= New Jersey Chamber of Commerce =

The New Jersey Chamber of Commerce is an independent business advocacy organization based in Trenton. It represents the interests of many businesses and trade associations. It is not an agency of state or federal government.

In addition to lobbying on behalf of the business community at the New Jersey State House and in Washington, the Chamber provides members with networking events, educational programs and money-saving discounts. Its membership has long been broad-based, ranging from solo proprietors to Fortune 500 companies.

== Founding ==
In 1911, a group of New Jersey businessmen including Thomas Edison petitioned for the establishment of a state chamber of commerce. They considered governor Woodrow Wilson was pushing policies seen as antagonistic towards business, and were also spurred into action by the 1911 Supreme Court decision ordering a breakup of Standard Oil of New Jersey for contravening antitrust laws.
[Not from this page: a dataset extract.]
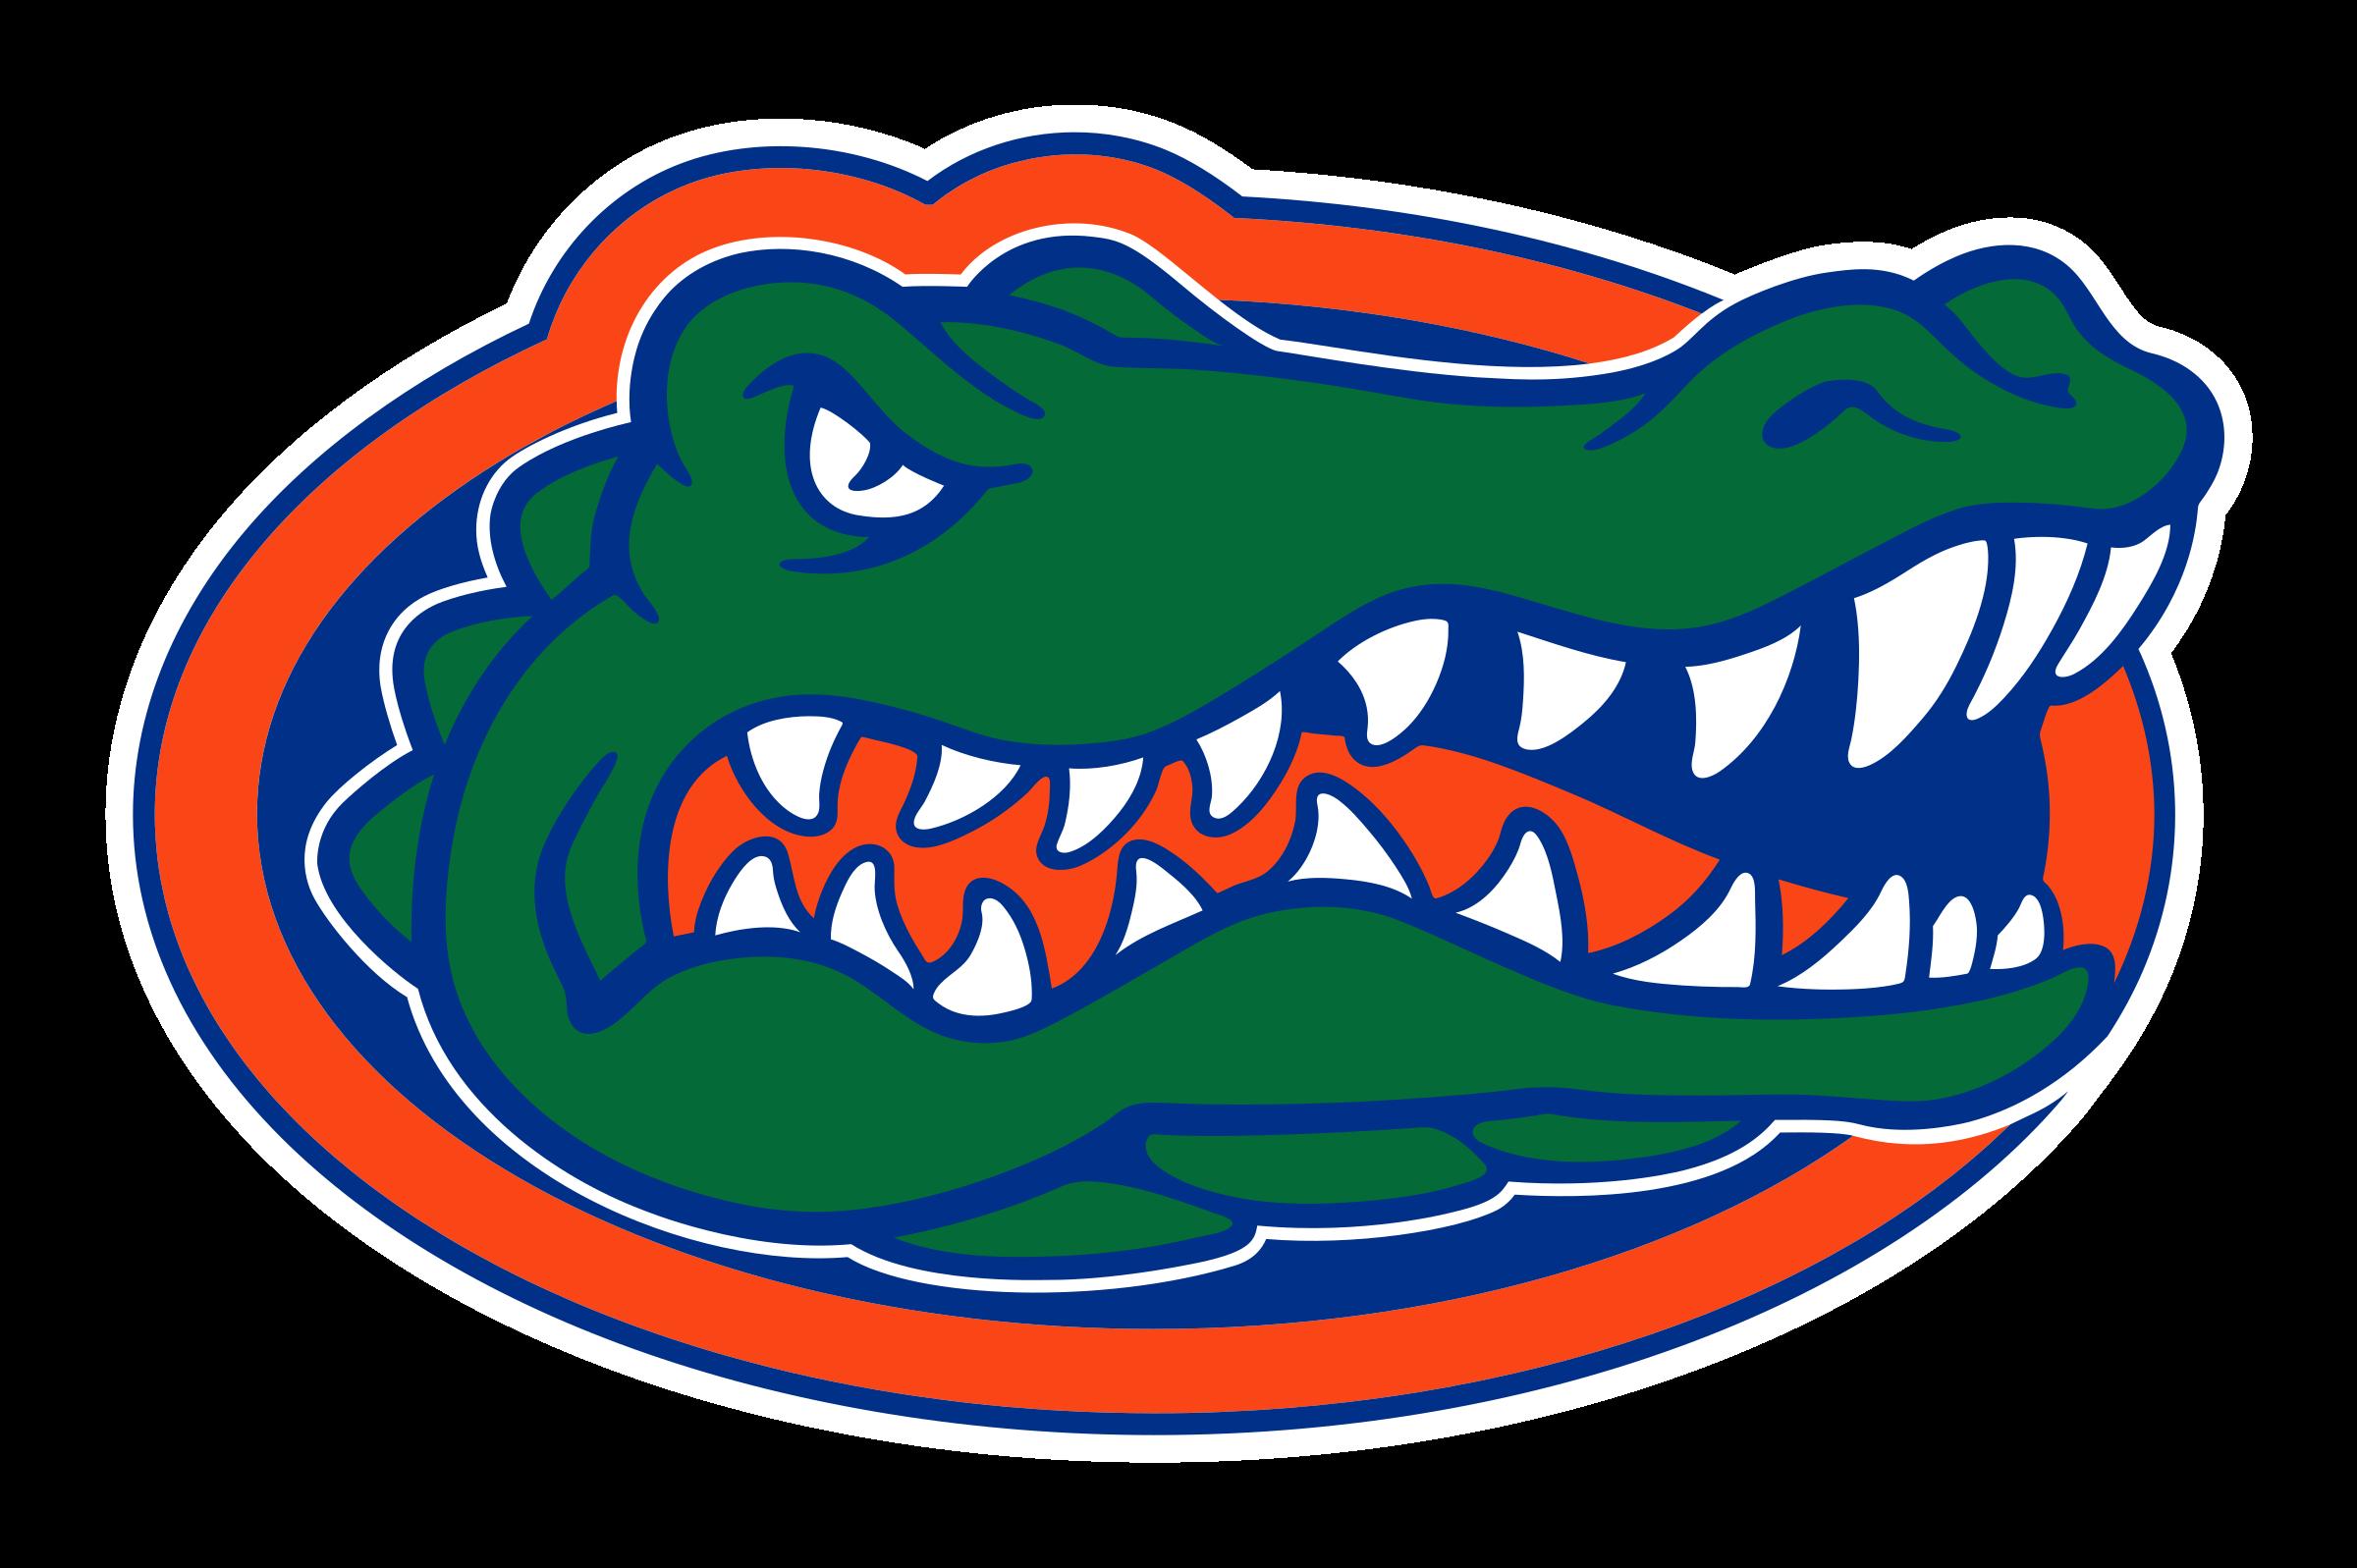 svg royalty free stock Florida Gators Clipart at GetDrawings

== "Walk to Washington" ==
Since 1937, the Chamber has sponsored an annual lobbying/business networking event called the "Walk to Washington," in which state business leaders and elected officials traveled together by chartered train (most recently on Amtrak) from Newark to Washington (with stops in New Brunswick, Metropark station (Iselin, Woodbridge Township), Trenton, Philadelphia, and Wilmington) to meet with the state's congressional delegation. During the journey, attendees could walk up and down the length of the train to personally meet with each other in what has been described as a "fraternity-house atmosphere." In response to complaints of inappropriate behavior on the train, the Chamber adopted a zero tolerance policy and banned hard alcohol in 2020. The "Walk to Washington" was suspended after the 2020 event due to the COVID-19 pandemic, but the Chamber has announced plans to resume the event in 2025.